Signal EU member states sign off on the loan by April 24 and first tranche is disbursed within 30 days.
Pipeline attacked again, loan stalls
Russian drone or missile strike re-damages the Druzhba pipeline in western Ukraine before the loan is formally released. Slovakia renews its veto. EU loan disbursement delays by months. Ukraine's liquidity position deteriorates.
Signal Ukrainian officials report new pipeline damage within two weeks of the restart.
Slovakia escalates its own veto
Even with Hungary unblocked, Slovakia's prime minister Robert Fico, a consistent Russia sympathizer, finds new conditions to attach to loan approval. EU must seek a qualified majority workaround or negotiate separately with Bratislava.

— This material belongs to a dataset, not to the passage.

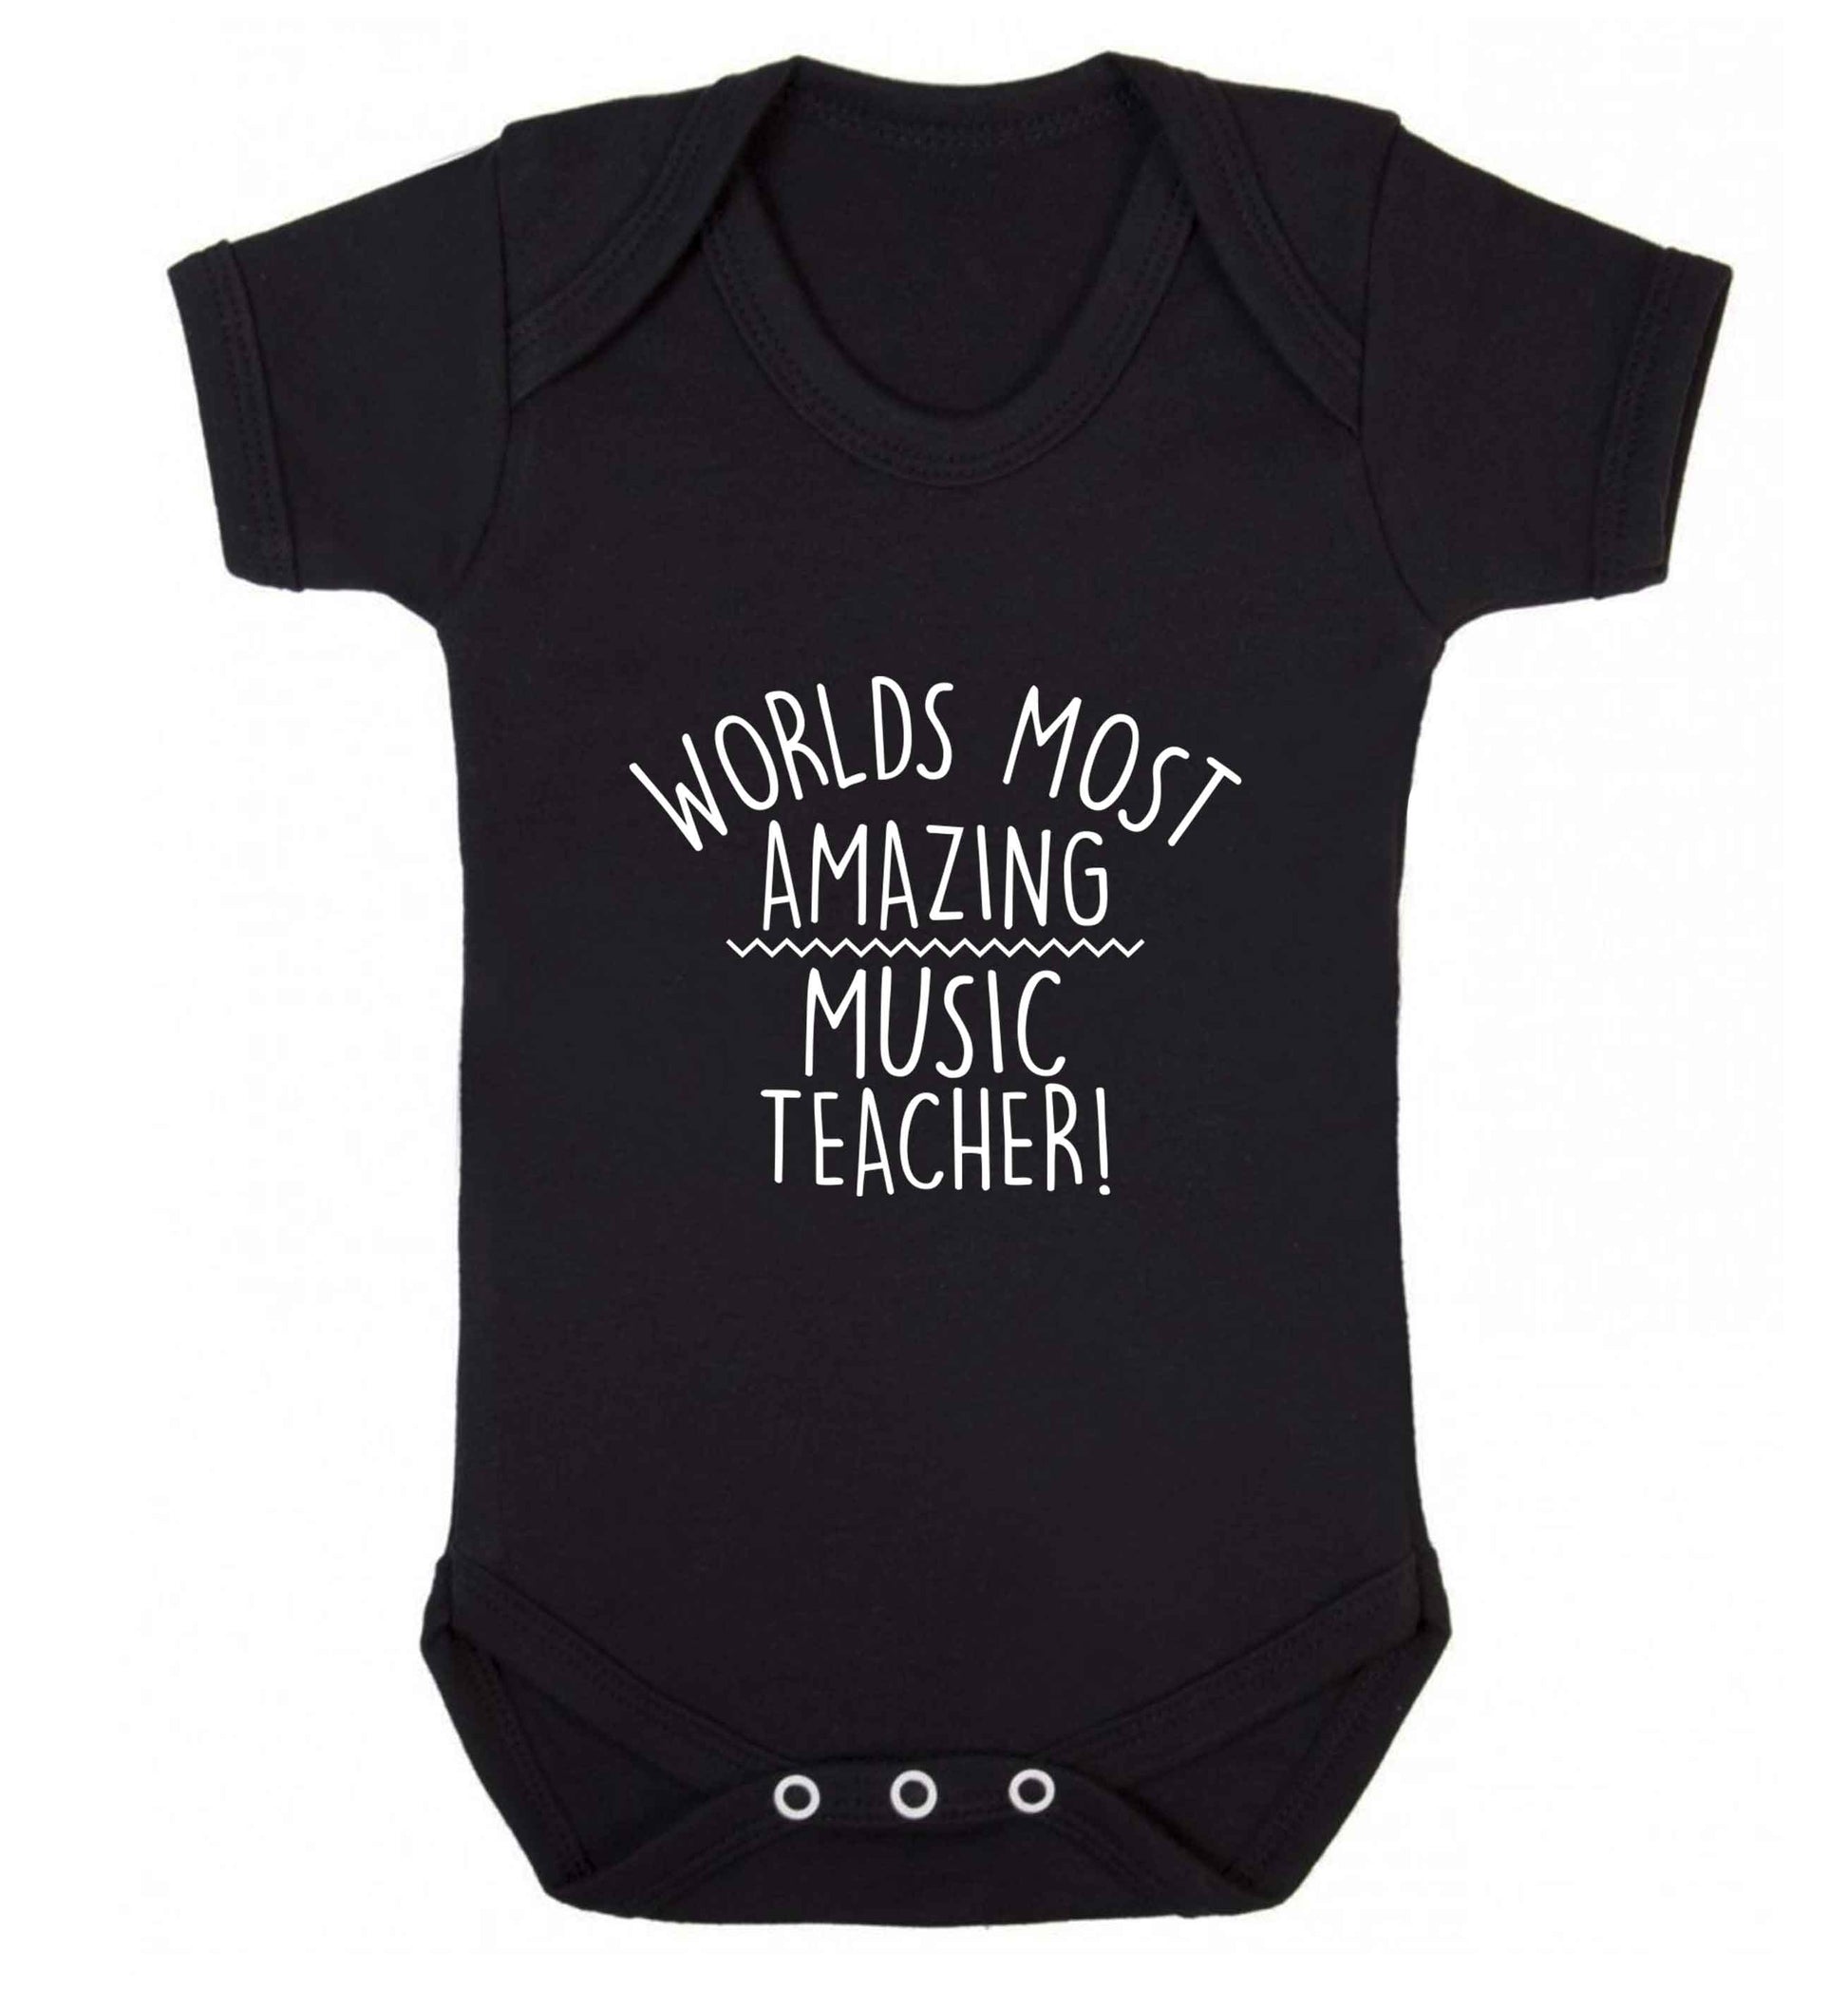 Worlds most amazing music teacher baby vest black 18-24 months

Signal Slovakia's foreign ministry issues a new list of conditions for approving the loan within 48 hours of the pipeline restart.
What Would Change This
If the incoming Hungarian government explicitly abandons energy dependence on Druzhba as a stated policy goal and starts the pipeline termination process, the leverage dynamic inverts. Ukraine loses the pipeline as a negotiating tool and Hungary loses its veto power on EU Ukraine support simultaneously. That would actually be better for Ukraine's long-term position but worse for its immediate cash needs.